What is particularly unhappy about the whole business is that there is a great deal of suspicion that the deal is being pursued not in the national interest but for reasons that can only be called venal. The enthusiasm to finalize it is widely believed to be less than altruistic, with fat kickbacks that have sadly become a fact of life in our country today, being a strong driving force. The mere fact that such deals have been widely alleged, though not definitively proved, to have been corrupt is a sad commentary on the country’s political and bureaucratic establishments that have lost the people’s trust for good reasons. Succeeding governments have set bloodhounds against their predecessors and we have all been treated not to promised criminal convictions – only a dismal four to six percent of cases in our courts lead to such conviction – but to the sight of the supposedly independent Attorney General withdrawing indictments filed by his own department against VIPs following changes of government. Far too many crooks have got off the hook under the guise of political victimization.

We now have a promise that all documents and agreements on the NFE deal, allegedly signed in the dead of night behind the backs of the cabinet and parliament, will be presented to the legislature. The CEB chairman is on record saying that there are non-disclosure clauses in the agreement, a business practice that is not unknown. Whether these too will be made public remains to be seen. Most of us, with good reason, are highly suspicious of such arrangements. Non-disclosure obviously means that somebody wants some details of an agreement kept under wraps for reasons of their own. This is totally unacceptable in arrangements between a sovereign and a commercial entity as commitments between the state and any other party must necessarily be in the public domain. Transparency requires that and total transparency is essential in deals such as this. Let us hope that we will have that.

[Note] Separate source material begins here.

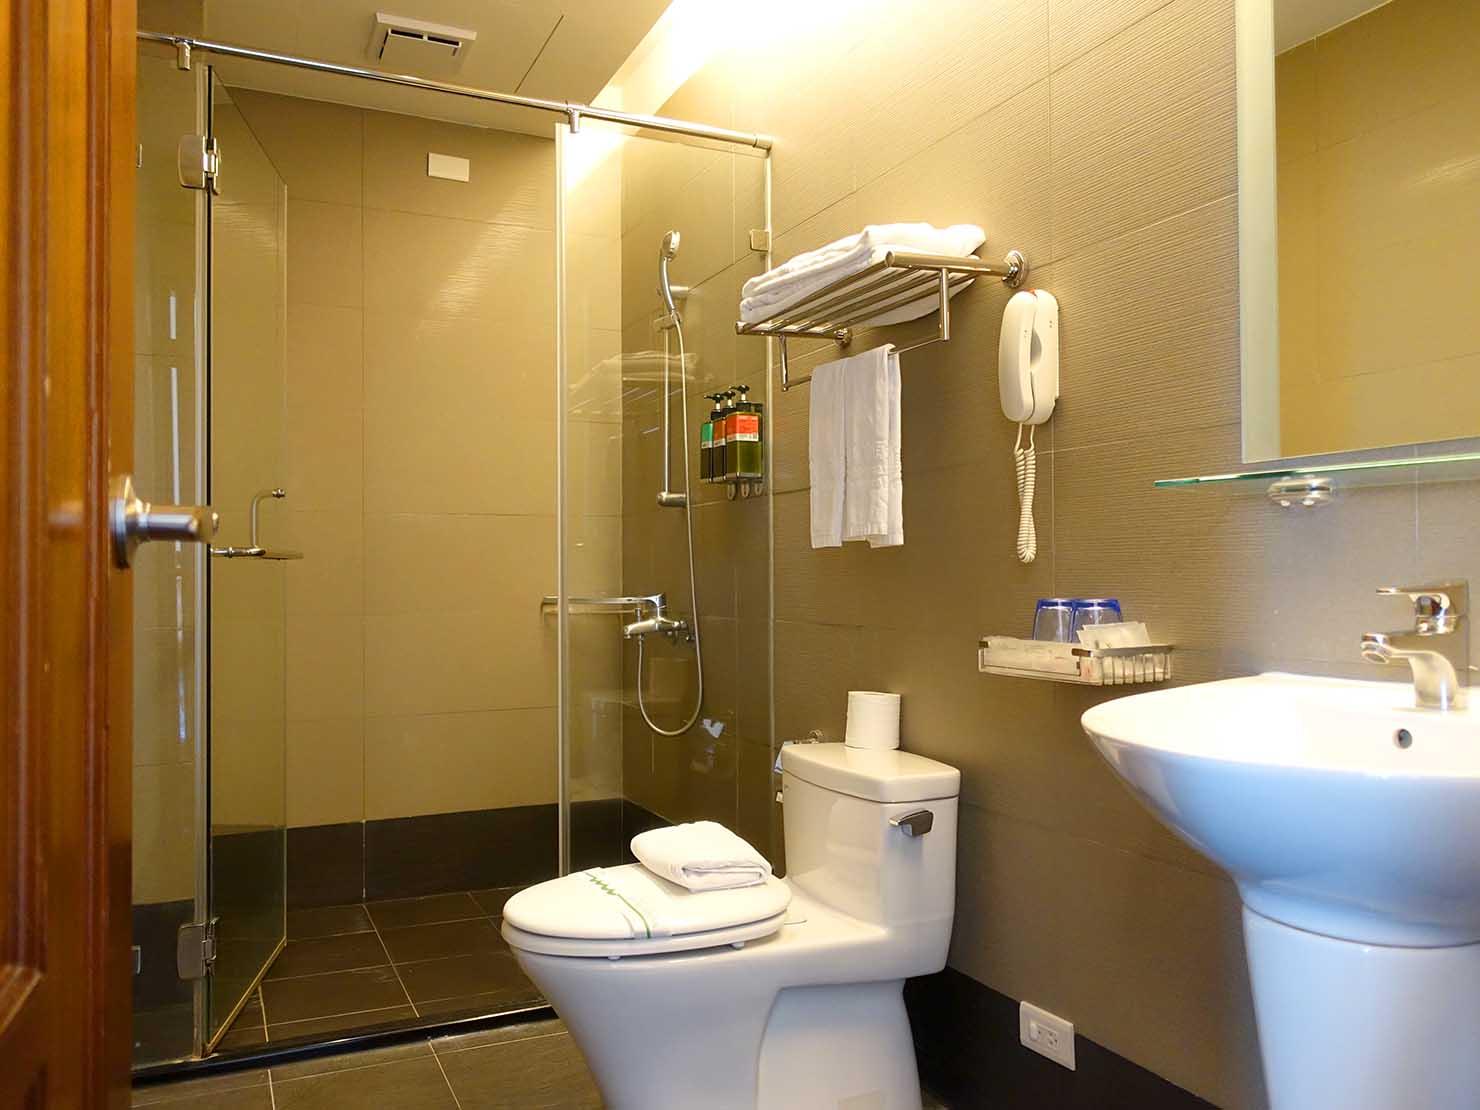 高雄・西子灣の港に立つ海辺のホテル「碧港良居 Watermark Hotel」海景豪華房のシャワールーム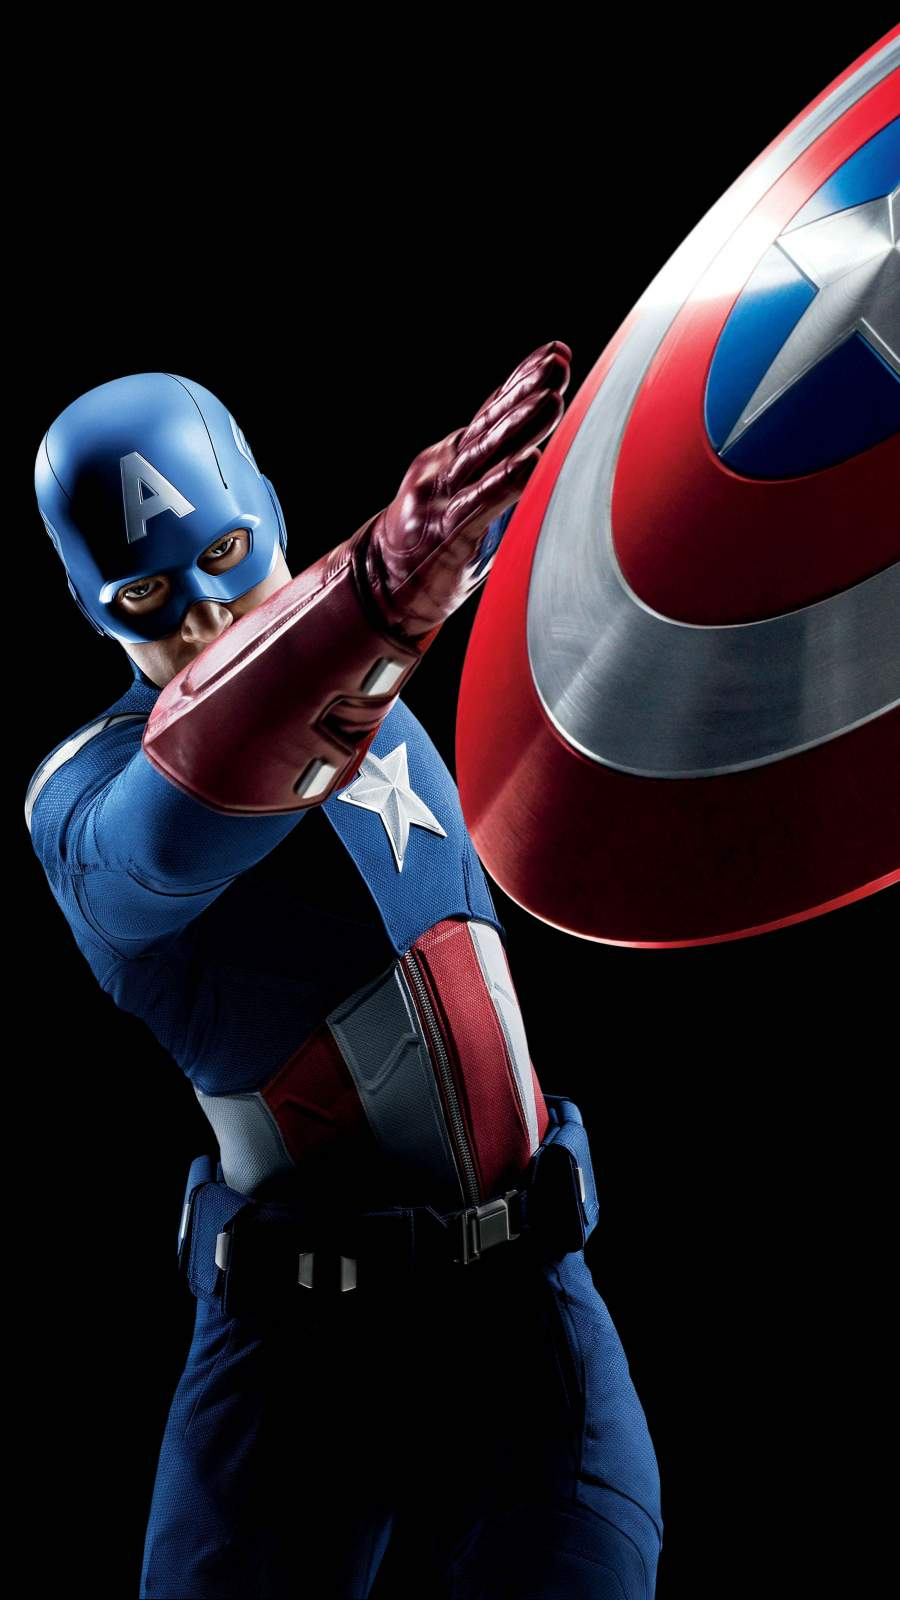 Captain America Shield Attack iPhone Wallpaper

The debate on the budget for 2022 that Finance Minister Basil Rajapaksa, presented to parliament on Friday, will necessarily bring matters of governance and the activities of all ministries, departments and agencies of the government under the national spotlight. Given its importance, the NFE deal will (or should) be thoroughly dissected. It is accepted fact that contemporary budget debates are nowhere near the caliber of those of the past where the ability of lawmakers sitting in the legislature was vastly different from what we have today. However that be, there is a great deal of published material for MPs to use in pending discussions and this, hopefully, will happen. They say, not without justification, that under democratic parliamentary rule the opposition can have its say but governments will have their way. Rightly or wrongly this has often happened in our country and the NFE transaction will be no different unless the Supreme Court holds otherwise.

President Gotabaya Rajapaksa went on record a few days ago asking the very pertinent question that if the people kicked out a government, as happened in 2015, why did they re-elect the same bunch as in 2019/2020? Regular columnist Rajan Philips has in this page trenchantly analyzed this conundrum, reaching conclusions that will not be palatable to the ruling cabal and certainly not to the political class in general, elected, defeated and re-elected in the course of our contemporary political history. Although the voter has regularly said “a plague on both your houses,” he/she has as regularly re-elected their occupants to the great cost of the nation. Why was that? Because there was no credible alternative. Originally it was the UNP versus the rest. If the rest were able to subordinate their ideological differences, the first post-Independence government might not have been UNP. But that is now all water under the bridge.

Thereafter, following the defeat of what some thought was an invincible UNP by an SLFP-led Mahajana Eksath Peramuna in 1956, we have had various permutations and combinations of political parties, many of them communal rather than national, contending under the green and blue umbrellas. The reds, unthinkably, were wiped out in 1977. Unfortunately, the people did not get what was good for them. Maybe that’s what they deserved. The cynical viewpoint at this moment of time is that is all they are going to get in the foreseeable future.